Historique : nationalisations vs privatisations

 

La France a connu des nationalisations dès la Révolution Française. Plusieurs phases de nationalisation et de privatisation ont émaillé son histoire récente. Au départ pour des raisons économiques (sauvetage de la Compagnie ferroviaire de l’Ouest). Dans l’entre-deux-guerres, avec le Front Populaire, ces nationalisations sont liées a une vision plus politique et stratégique. En conséquent, l’armement, l’aéronautique, le transport (création de la SNCF), et plusieurs secteurs passent sous pavillon public. D’autre part, à la Libération apparaît une nouvelle doctrine publique visant à favoriser la Reconstruction.

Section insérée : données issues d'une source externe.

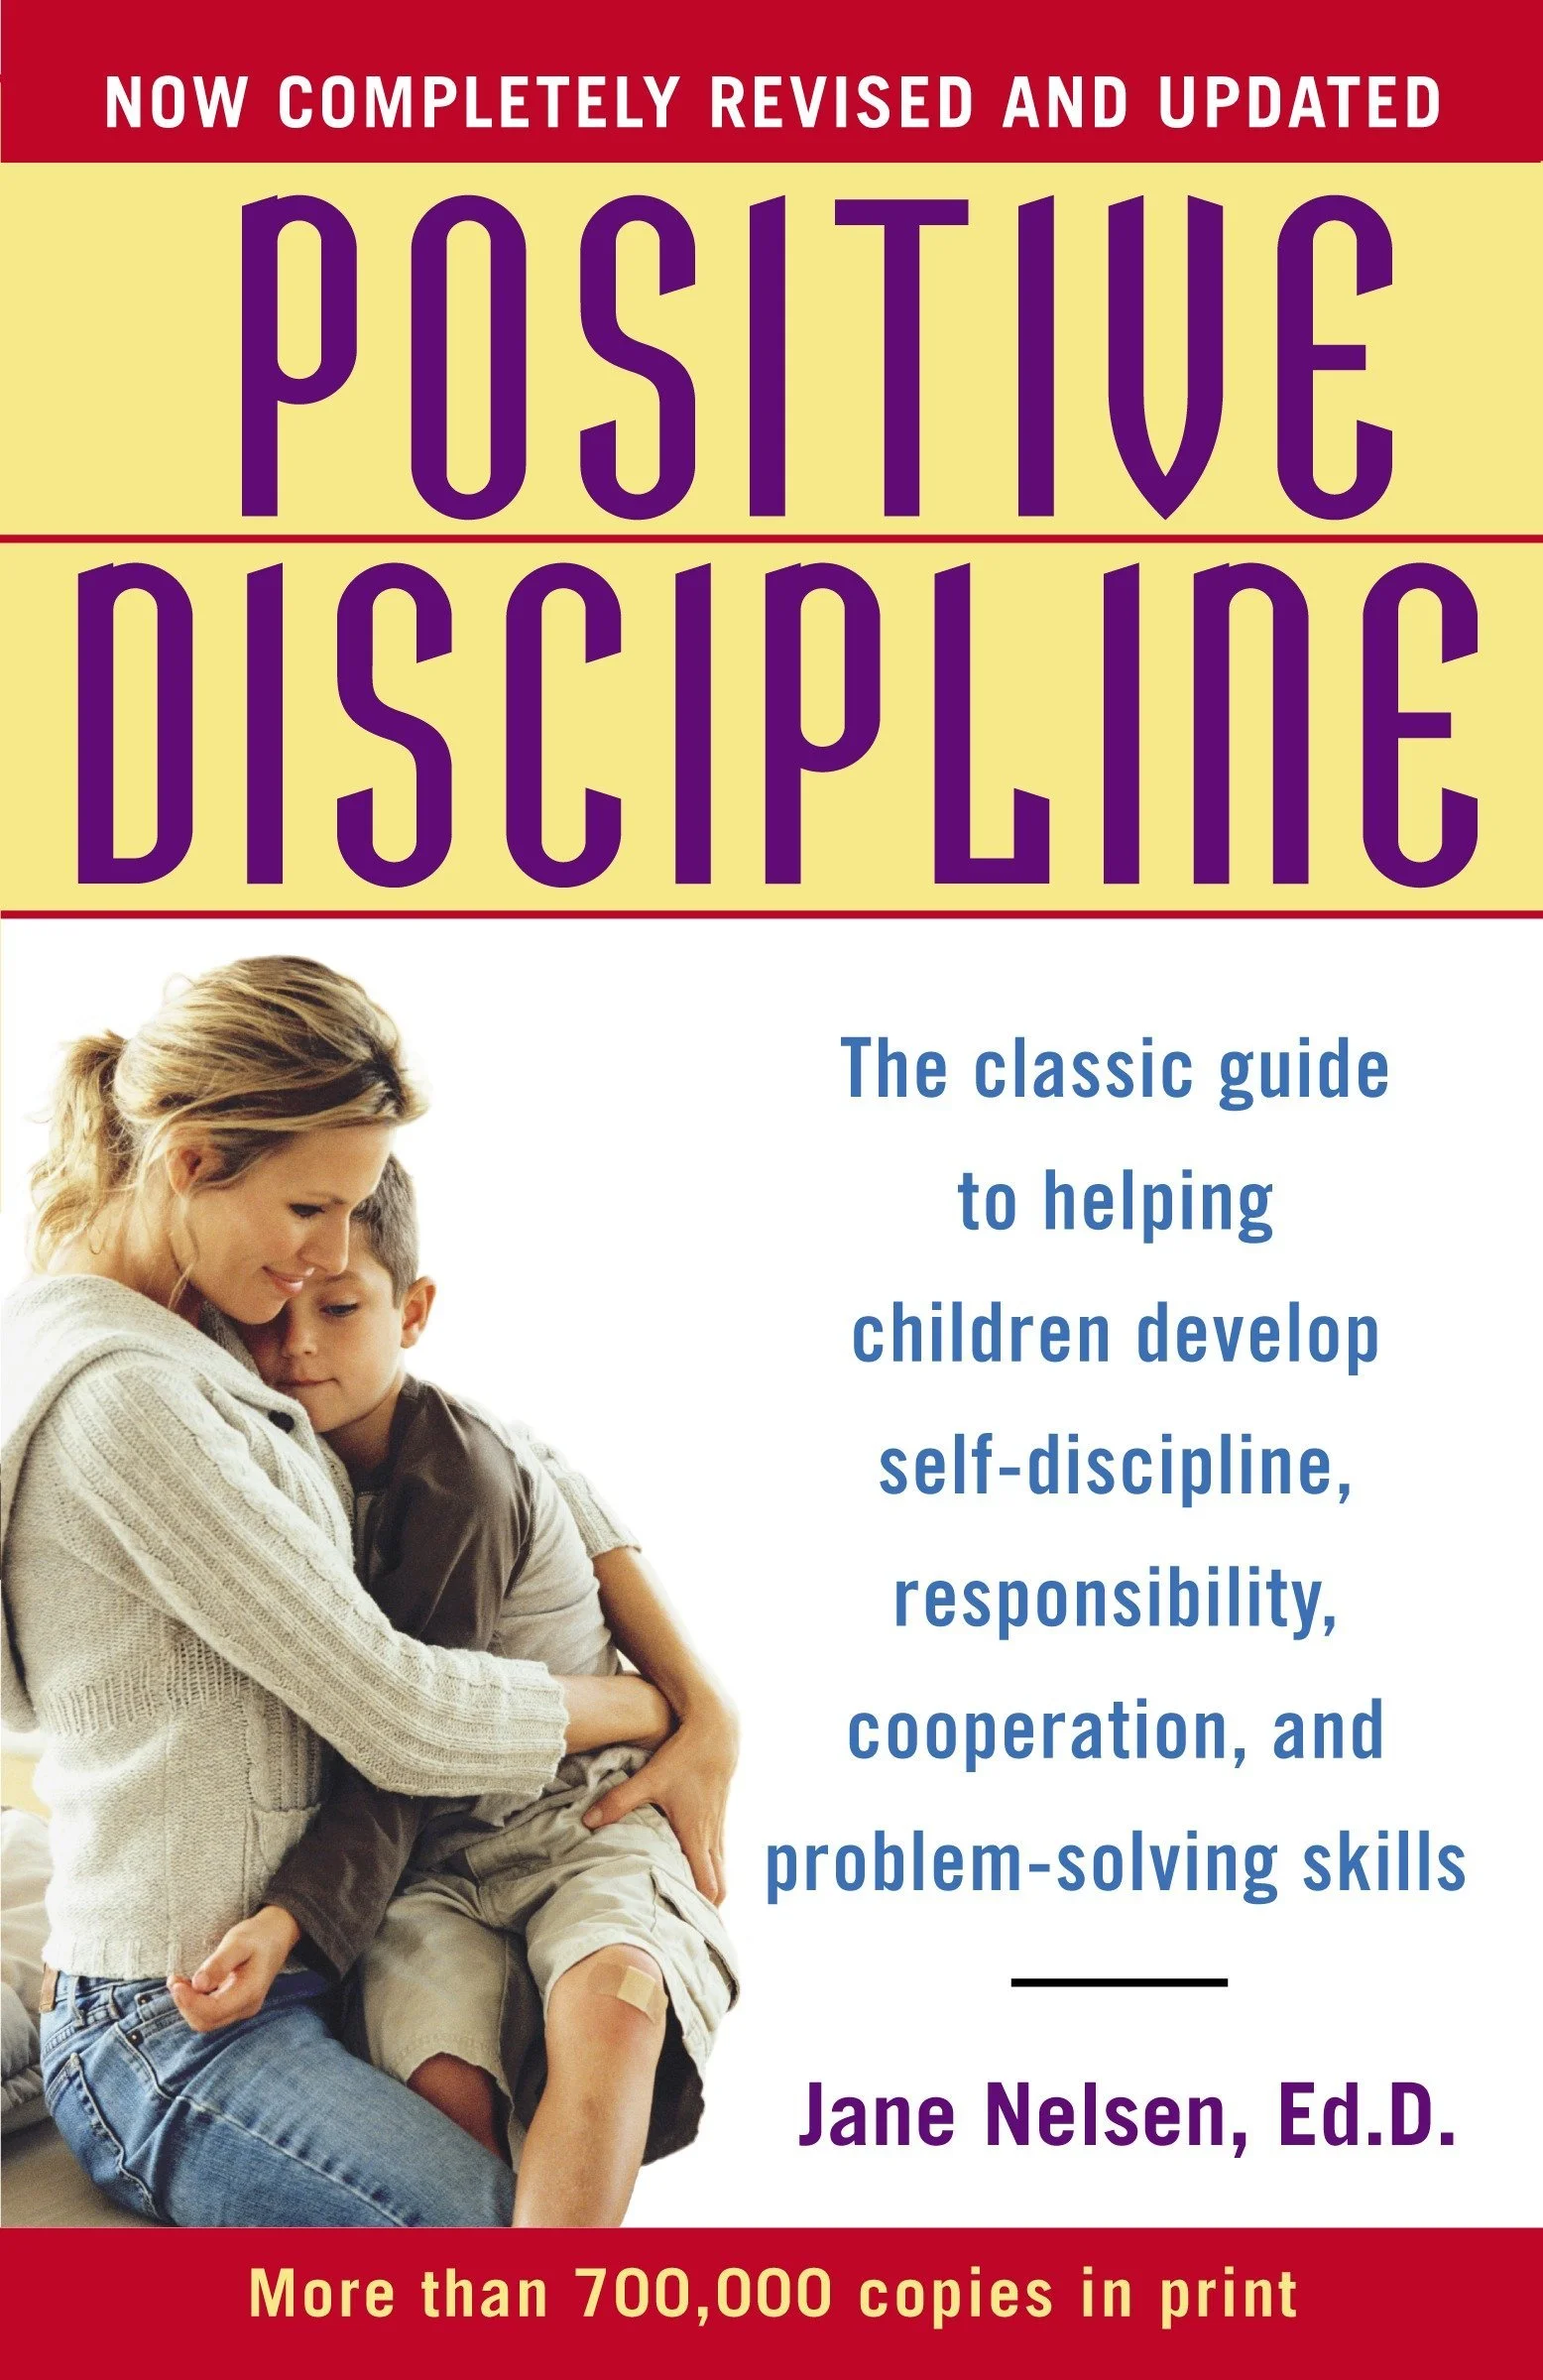 Positive Discipline by Jane Nelsen Ed.D.

Ainsi que l’affirme la Constitution de la IV République : « Tout bien, toute entreprise, dont l’exploitation a ou acquiert les caractères d’un service public national ou d’un monopole de fait, doit devenir la propriété de la collectivité ». Par conséquent, on nationalise le secteur de l’énergie (houillères, compagnie d’électricité et de gaz) et celui des transports parisiens. De même pour plusieurs grandes banques (Crédit Lyonnais, Société Générale…) et certains fleurons industriels, le plus emblématique étant Renault.

 

Avec l’arrivé de Mitterrand au pouvoir en 1981 et le fameux « programme commun », on assiste à une phase importante de nationalisation touchant des pans entiers de l’industrie, et de la finance. Le gouvernement de cohabitation de Jacques Chirac en 1986 reviendra sur certaines nationalisations. D’autre part, de retour au pouvoir, Mitterrand adoptera une politique dite de « ni-n » avant un vaste mouvement de privatisations mené par ses successeurs dans un contexte de mondialisation jusqu’au milieu des années 2000. Plus récemment le gouvernement d’Edouard Philippe a relancé les privatisations avec la Française des Jeux – en suspens – d’Aéroport de Paris.